# PAT Test



## COLE (Feb 7, 2003)

Quick question for everyone who has been through the hiring process in a civil service community. The other day 2 of the candidates in my community failed the PAT test. The department is going to let them take it again next week. Is this normal? There are others on the list that haven't been called as of yet. Thanks in advance.


----------



## Mortal knight (Jun 17, 2003)

YES,The PAT can be retaken if failed (for another $150) It is required, but not used as a DQ. Once the PD selected you to go through the hiring process they have already spent alot of $$$$$$$$$ on the individual. They will allow the retake due to the fact it's cheaper in the long run.


----------



## KozmoKramer (Apr 25, 2004)

*Is the Mass PAT like NH (Coopers Aerobics Standards)? Or is it a collection of stations like the FF PAT?*


----------



## Mortal knight (Jun 17, 2003)

Series of stations held at the same place as the FF PAT (Hudson)


----------



## KozmoKramer (Apr 25, 2004)

Mortal knight";p="50075 said:


> Series of stations held at the same place as the FF PAT (Hudson)

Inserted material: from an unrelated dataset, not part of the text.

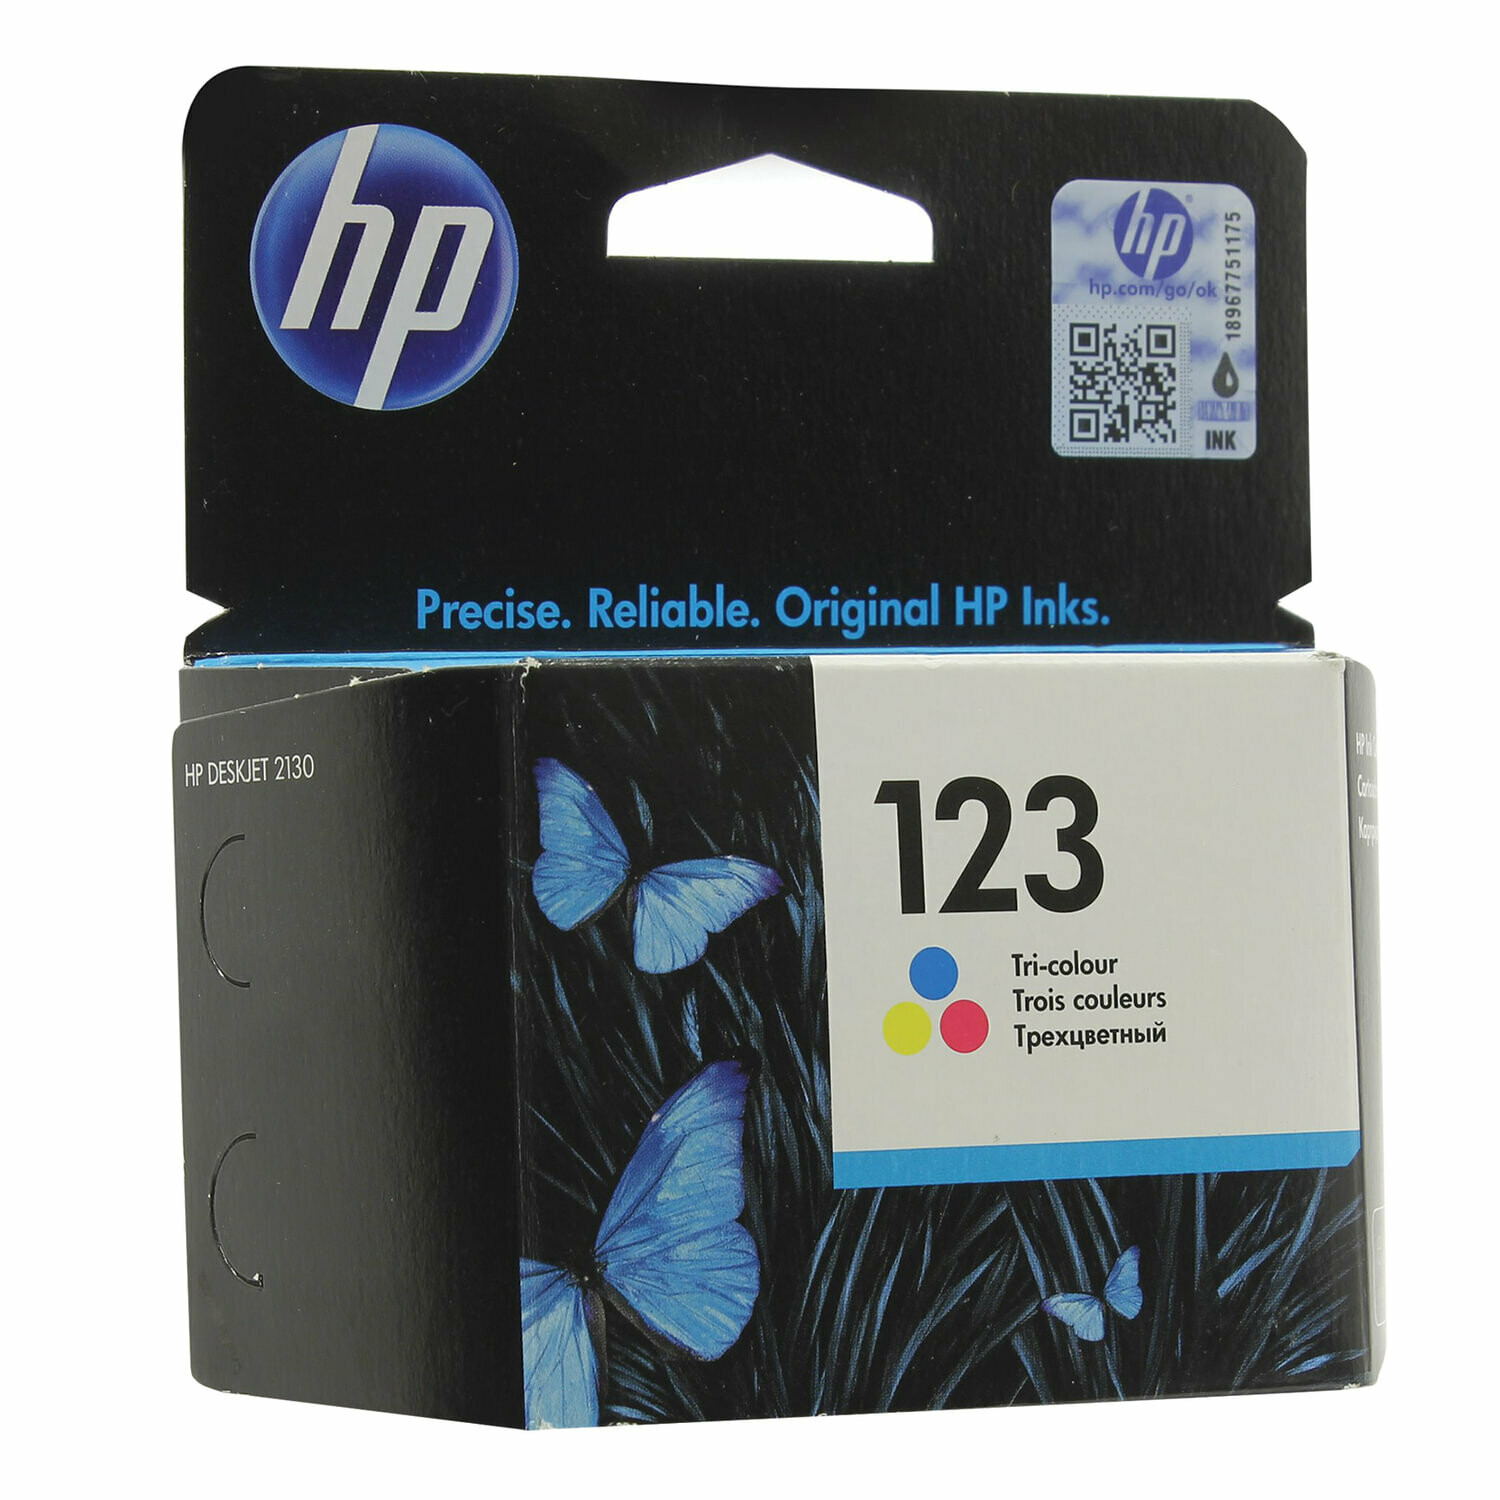 HP 123 Tri-Color Ink Cartridge

*And people failed it?????
Were they wheel-chair bound???* :lol:


----------



## COLE (Feb 7, 2003)

I know that’s what I was thinking. I didn’t fail, but I am next on the list. I found out today that the two people failed, and that would have been enough to put me in the class. Now I find out they are going to let them take it again. I’m just a little pissed. :evil:


----------



## MVS (Jul 2, 2003)

COLE";p="50115 said:


> I know that's what I was thinking. I didn't fail, but I am next on the list. I found out today that the two people failed, and that would have been enough to put me in the class. Now I find out they are going to let them take it again. I'm just a little pissed. :evil:


Everybody gets a retake


----------



## FRPDConstable (Feb 20, 2003)

I took the test and had no problems but it can be very difficult for females.


----------



## PearlOnyx (Jun 28, 2002)

Cole,

Don't stress. I was 13th on the list for 12 positions, and was similarly concerned about the person ahead of me, being allowed a re-take. Fortunatley or unfortunatley, depending on how you look on it, they failed the second one too, and I got on. More than likley, if they failed the first one, they're probably going to fail the second one too. Not much changes in the few weeks between the original test, and the re-take.


----------



## Gil (Jun 15, 1998)

KozmoKramer";p="50052 said:


> *Is the Mass PAT like NH (Coopers Aerobics Standards)? Or is it a collection of stations like the FF PAT?*


Coopers Aerobics Standards in Mass....

:lol: :L:


----------